I'm sure the transcript

will be available somewhere online, but I had to get this down before it left my head.

In a report on ABC News, Bob Woodruf is exploring the parts of North Korea that North Korea wants him to see. In the capital of Pyongyang there is a large school for young children which lavishes them with money and attention, what few fruits of Kim Jong-Il's retarded economy can be directed their way.

The kids put on a remarkable music and dance performance for visiting dignitaries, and Woodruf ends his broadcast with something along the lines of, "It's remarkable what children can learn when the state is willing to teach them."

This has some interesting implications, and they cut both ways. On the one hand, there is clear evidence that a well-funded state standardised educational system benefits children, adults, and society.
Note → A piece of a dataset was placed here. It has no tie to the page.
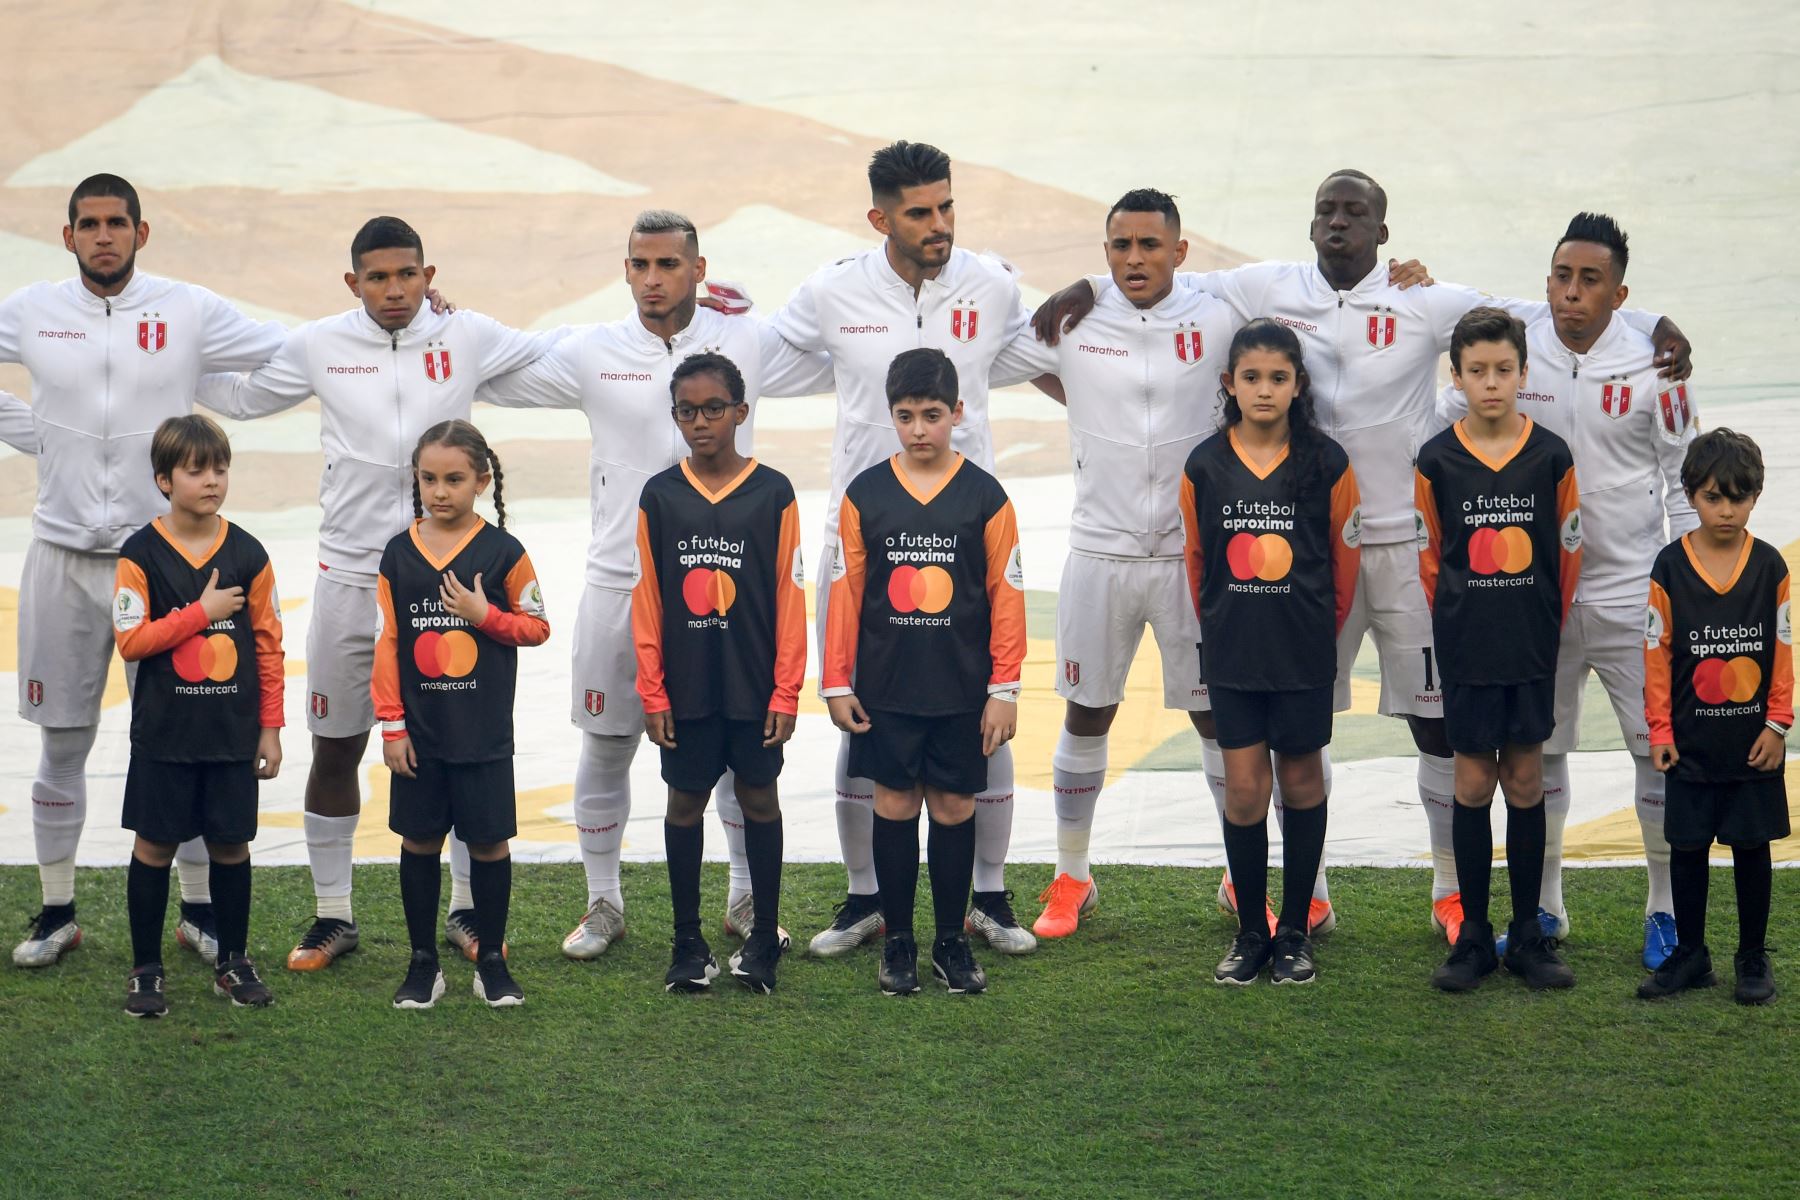 Los jugadores de Perú cantan el himno nacional antes del partido final de la Copa América del torneo de fútbol contra Brasil en el Estadio Maracaná de Río de Janeiro, Brasil.
Foto: AFP

If every citizen were able to read and write coherently, and were fluent in not only the language of math and science but of art and music as well, is there any doubt that all of America would be richer in ways money cannot count? On the other, only the most careful monitoring by it's populace can keep the government from teaching it's own revised history, as the abuses of the governmental monopoly on telecommunications that North Korea so adeptly demonstrates.

Fascinating bits like this are mainly found on ABC, although their coverage of Jesus is second only to the Cornerstone Network and tends to irritate me. I particularly liked the bit about hand-fishing being made legal again in rednecked bits of the nation if only for Charlie Gibson's deadpan one-word response after the peice ended: "Okay."